Neighbors and coworkers were pulling together to help a longtime Stone Mountain woman whose home was damaged by fire Tuesday morning.

Virginia Seeley, who raised her four adult children in the home on Hunters Drive, said she smelled smoke before 7 a.m.

“It was just a little bit of smoke, and I thought, ‘what is burning?’”

Seeley, who teaches in the DeKalb County school system, was able to get out of the house that she has called home for 26 years safely, despite the flames that eventually tore through the roof of the two-story home.

DeKalb fire Battalion Chief Maurice Gates said most of the fire damage was confined to the attic area, with some water damage on the first floor.

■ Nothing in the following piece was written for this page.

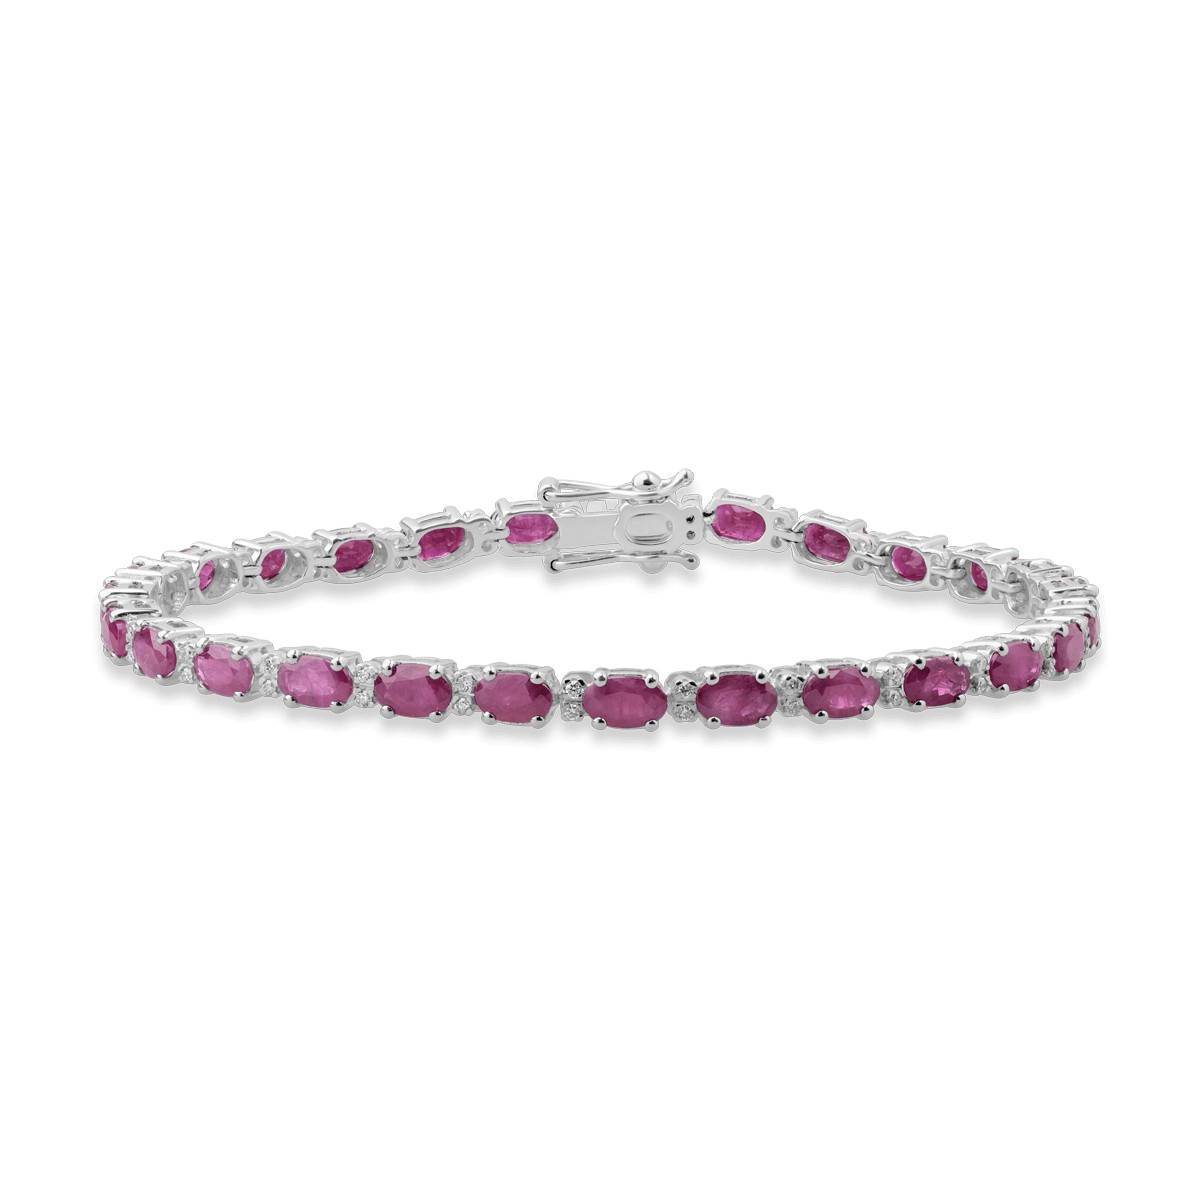 18K white gold tennis bracelet with 8.53ct rubies and 0.26ct diamonds

There were no injuries, Gates said.

Jane Aultman works with Seeley.

“I was on my way to work and a coworker said Ginny had called in and said that her house was on fire, so I just came over to check on her because she’s a dear friend,” Aultman said. “It scared me when I came up and saw so many fire trucks and ambulances.”

Aultman said she planned to “just be there to help her with anything she needs.”

William Dillard called Seeley a “good neighbor.”

“She’s our neighborhood captain; she’s here all the time and she watches over our houses,” Dillard said.

Dillard said he and other neighbors would “pull together and help and do what we can.”